Since the records include pictures, leave those out while you reproduce exactly and only the lines from the one containing "Surf crashing on" through the one containing "OWS logo_white_purple sq", inclusive.

## [TASK DATA]
☆ ☆ ☆

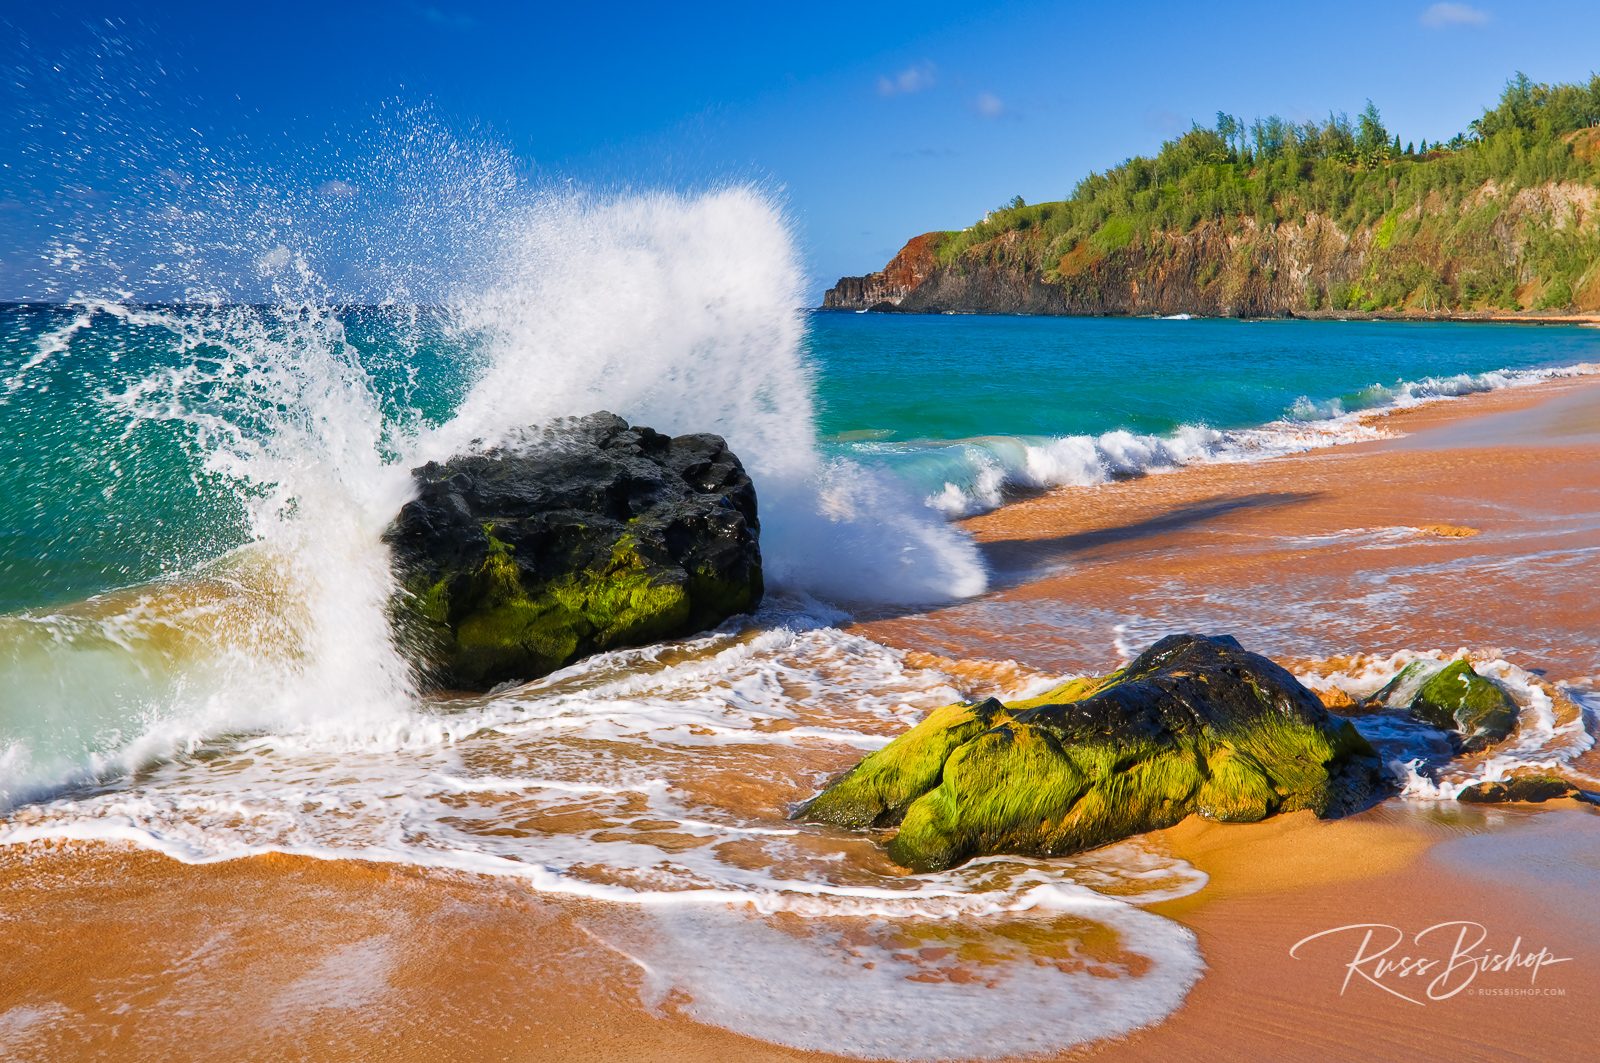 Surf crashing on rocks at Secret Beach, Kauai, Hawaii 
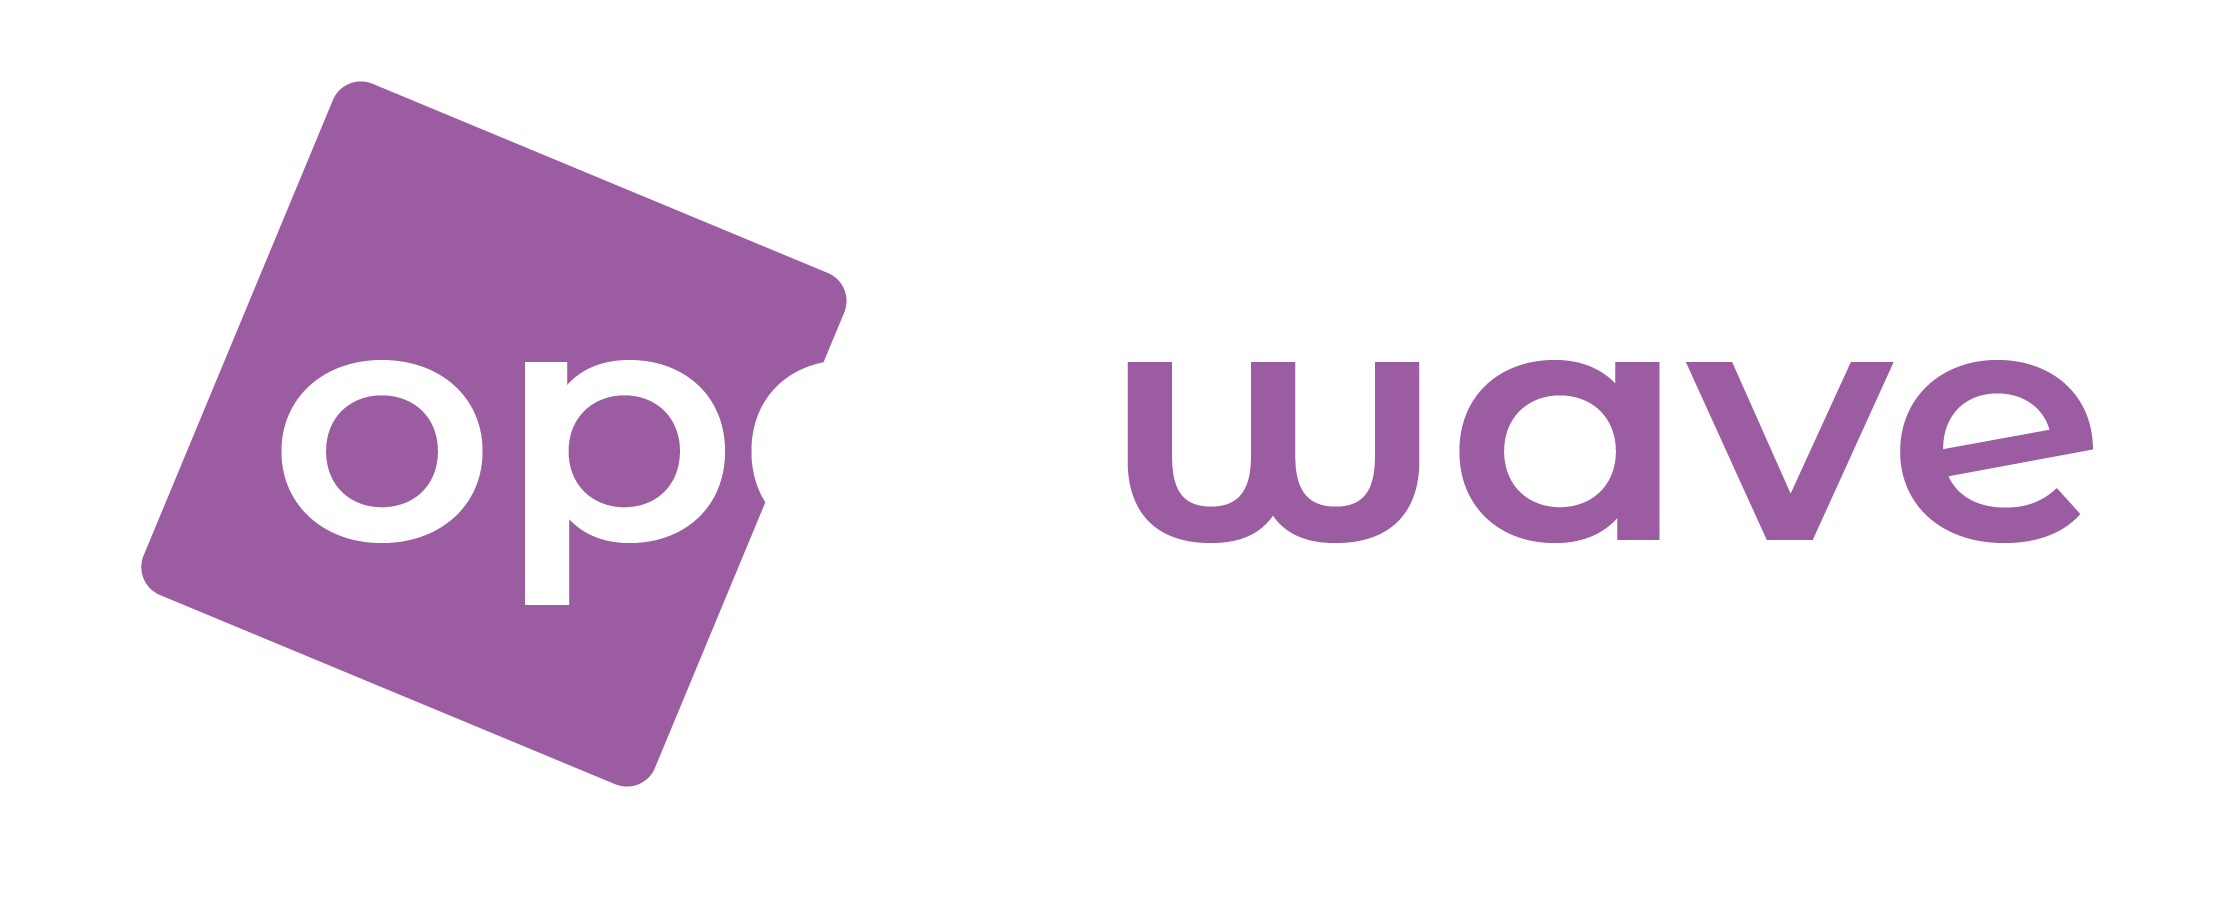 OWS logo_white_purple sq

☆ ☆ ☆

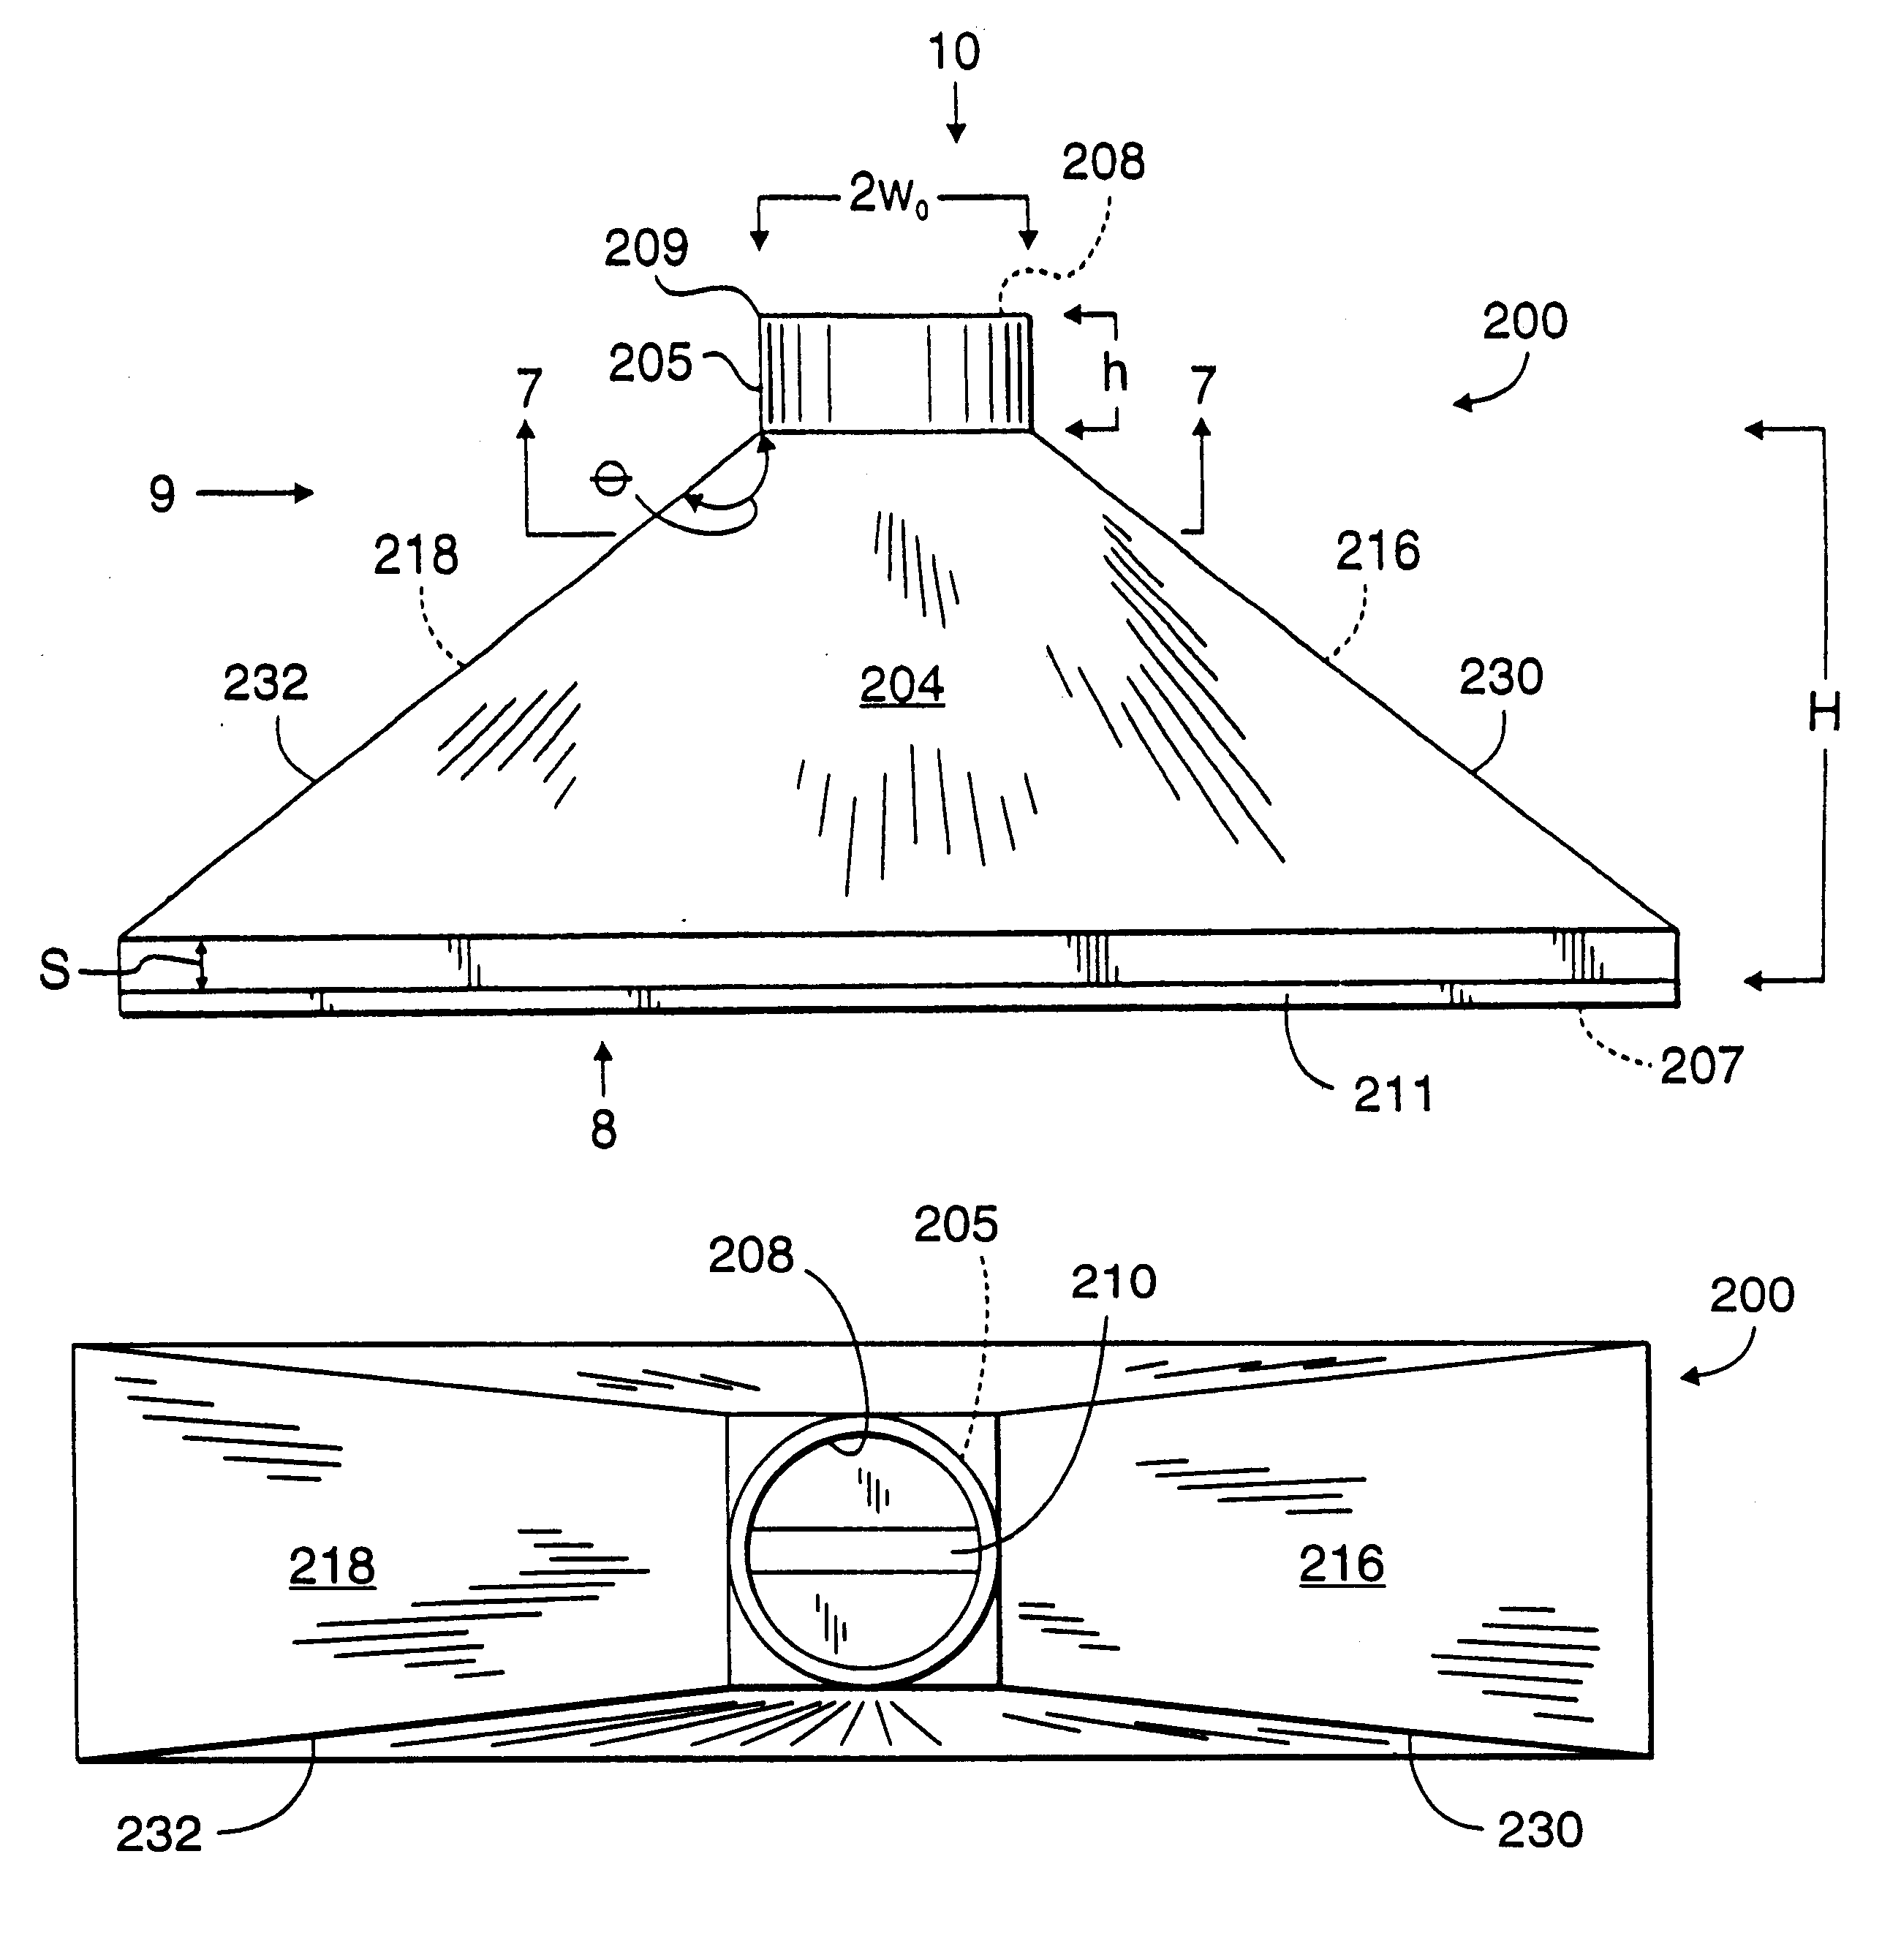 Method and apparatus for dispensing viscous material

☆ ☆ ☆

## [SOLUTION BELOW]
 Surf crashing on rocks at Secret Beach, Kauai, Hawaii 
 OWS logo_white_purple sq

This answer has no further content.